(Stored dataset items)
══════════════════════════════

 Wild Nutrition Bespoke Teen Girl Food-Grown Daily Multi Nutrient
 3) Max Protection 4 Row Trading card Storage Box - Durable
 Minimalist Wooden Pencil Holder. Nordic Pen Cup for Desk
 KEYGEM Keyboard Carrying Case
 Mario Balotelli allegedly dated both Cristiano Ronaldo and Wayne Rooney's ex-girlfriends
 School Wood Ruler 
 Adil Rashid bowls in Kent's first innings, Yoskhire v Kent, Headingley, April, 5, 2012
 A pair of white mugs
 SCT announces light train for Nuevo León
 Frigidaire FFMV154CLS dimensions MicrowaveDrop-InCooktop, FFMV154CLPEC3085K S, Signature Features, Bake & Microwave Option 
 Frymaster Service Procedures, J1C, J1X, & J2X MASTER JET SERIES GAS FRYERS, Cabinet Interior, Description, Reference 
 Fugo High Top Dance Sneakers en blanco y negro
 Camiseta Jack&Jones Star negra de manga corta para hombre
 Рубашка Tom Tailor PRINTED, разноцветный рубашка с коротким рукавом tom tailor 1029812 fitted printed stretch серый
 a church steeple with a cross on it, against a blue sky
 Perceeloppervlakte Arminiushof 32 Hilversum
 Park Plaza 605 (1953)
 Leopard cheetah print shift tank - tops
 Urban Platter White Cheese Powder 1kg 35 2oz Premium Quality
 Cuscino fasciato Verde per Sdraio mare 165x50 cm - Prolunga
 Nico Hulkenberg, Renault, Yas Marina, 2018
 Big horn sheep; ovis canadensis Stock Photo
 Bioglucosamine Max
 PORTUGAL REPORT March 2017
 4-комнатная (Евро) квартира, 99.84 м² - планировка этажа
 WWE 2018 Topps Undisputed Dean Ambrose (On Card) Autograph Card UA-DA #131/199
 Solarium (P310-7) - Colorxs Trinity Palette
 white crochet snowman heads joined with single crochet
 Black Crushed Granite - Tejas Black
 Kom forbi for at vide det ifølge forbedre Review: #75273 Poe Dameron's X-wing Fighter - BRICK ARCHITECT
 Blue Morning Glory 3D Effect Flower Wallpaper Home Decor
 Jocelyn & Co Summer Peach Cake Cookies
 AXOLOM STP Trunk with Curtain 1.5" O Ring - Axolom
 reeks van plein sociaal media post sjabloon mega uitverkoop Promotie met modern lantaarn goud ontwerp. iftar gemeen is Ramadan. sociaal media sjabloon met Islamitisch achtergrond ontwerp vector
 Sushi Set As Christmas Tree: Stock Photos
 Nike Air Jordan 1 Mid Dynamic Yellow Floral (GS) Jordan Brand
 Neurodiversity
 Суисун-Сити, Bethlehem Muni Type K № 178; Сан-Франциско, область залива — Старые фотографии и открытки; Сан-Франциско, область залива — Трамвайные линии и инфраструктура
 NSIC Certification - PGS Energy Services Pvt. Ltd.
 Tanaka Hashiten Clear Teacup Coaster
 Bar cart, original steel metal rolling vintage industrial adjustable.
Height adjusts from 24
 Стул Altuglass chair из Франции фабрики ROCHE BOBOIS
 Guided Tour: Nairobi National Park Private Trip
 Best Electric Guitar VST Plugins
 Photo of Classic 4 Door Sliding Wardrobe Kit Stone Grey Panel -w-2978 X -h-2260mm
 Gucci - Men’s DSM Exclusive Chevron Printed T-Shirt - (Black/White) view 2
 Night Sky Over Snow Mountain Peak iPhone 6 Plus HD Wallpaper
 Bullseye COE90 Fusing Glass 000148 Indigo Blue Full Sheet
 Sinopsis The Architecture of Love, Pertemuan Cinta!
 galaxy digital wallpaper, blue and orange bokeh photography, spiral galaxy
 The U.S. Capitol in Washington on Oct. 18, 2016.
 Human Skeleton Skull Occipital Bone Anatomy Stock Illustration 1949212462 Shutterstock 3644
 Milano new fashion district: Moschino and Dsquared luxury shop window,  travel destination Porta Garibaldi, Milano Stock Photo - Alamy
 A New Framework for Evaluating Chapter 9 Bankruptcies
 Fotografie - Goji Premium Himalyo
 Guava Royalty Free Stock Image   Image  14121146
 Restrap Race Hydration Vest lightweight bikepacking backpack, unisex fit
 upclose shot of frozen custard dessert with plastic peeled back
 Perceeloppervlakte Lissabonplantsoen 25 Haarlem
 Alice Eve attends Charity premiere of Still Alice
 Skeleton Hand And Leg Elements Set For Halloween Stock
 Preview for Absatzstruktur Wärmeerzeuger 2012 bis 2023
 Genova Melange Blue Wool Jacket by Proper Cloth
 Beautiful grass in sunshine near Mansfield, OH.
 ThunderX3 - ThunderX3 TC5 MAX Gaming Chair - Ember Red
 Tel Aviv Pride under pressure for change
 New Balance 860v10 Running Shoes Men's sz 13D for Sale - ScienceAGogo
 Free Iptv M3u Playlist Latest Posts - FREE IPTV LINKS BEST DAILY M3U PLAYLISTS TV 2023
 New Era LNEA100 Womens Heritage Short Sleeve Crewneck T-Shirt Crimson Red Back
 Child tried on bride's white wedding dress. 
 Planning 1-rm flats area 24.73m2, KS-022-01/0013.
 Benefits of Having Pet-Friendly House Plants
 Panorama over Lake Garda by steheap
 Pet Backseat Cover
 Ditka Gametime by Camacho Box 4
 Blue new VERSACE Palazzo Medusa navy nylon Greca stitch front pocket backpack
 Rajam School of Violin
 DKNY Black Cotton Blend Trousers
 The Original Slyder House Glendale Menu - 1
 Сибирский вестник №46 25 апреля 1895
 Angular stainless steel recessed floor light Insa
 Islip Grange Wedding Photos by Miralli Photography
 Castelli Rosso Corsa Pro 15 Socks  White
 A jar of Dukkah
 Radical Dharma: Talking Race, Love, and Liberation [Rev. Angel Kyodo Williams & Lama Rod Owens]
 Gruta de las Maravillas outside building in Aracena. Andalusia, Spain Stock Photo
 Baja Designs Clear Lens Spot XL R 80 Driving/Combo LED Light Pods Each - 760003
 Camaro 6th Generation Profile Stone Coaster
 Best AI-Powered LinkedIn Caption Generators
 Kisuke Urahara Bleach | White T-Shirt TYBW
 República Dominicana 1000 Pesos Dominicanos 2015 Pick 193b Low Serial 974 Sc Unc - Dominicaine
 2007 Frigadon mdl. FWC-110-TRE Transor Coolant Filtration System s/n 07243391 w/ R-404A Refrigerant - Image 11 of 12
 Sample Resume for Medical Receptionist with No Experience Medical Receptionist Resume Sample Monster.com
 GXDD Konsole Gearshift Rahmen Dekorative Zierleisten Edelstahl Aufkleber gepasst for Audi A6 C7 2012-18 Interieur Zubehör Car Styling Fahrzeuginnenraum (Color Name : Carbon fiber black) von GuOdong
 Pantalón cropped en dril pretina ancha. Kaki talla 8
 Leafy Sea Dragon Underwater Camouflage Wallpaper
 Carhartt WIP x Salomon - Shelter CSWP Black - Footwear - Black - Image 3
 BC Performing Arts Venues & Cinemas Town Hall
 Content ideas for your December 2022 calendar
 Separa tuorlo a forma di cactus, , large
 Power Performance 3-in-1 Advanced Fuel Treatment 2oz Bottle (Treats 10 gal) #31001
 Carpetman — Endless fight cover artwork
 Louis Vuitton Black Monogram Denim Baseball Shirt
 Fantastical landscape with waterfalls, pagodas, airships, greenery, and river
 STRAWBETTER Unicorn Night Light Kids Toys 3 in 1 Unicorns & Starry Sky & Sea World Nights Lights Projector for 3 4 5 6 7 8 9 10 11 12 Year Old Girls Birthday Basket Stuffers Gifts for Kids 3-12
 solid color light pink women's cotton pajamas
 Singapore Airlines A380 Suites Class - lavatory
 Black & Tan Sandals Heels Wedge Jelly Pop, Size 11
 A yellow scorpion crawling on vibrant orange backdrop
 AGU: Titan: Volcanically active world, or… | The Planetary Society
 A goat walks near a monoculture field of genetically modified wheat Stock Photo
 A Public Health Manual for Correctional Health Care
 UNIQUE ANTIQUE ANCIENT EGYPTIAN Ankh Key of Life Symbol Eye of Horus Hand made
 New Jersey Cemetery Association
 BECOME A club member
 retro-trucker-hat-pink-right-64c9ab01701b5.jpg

══════════════════════════════

* _WORK TASK_:
Report, from the entries above, each line where "with" is found.

* _ANSWER BOX_:
 a church steeple with a cross on it, against a blue sky
 white crochet snowman heads joined with single crochet
 AXOLOM STP Trunk with Curtain 1.5" O Ring - Axolom
 upclose shot of frozen custard dessert with plastic peeled back
 Sample Resume for Medical Receptionist with No Experience Medical Receptionist Resume Sample Monster.com
 Fantastical landscape with waterfalls, pagodas, airships, greenery, and river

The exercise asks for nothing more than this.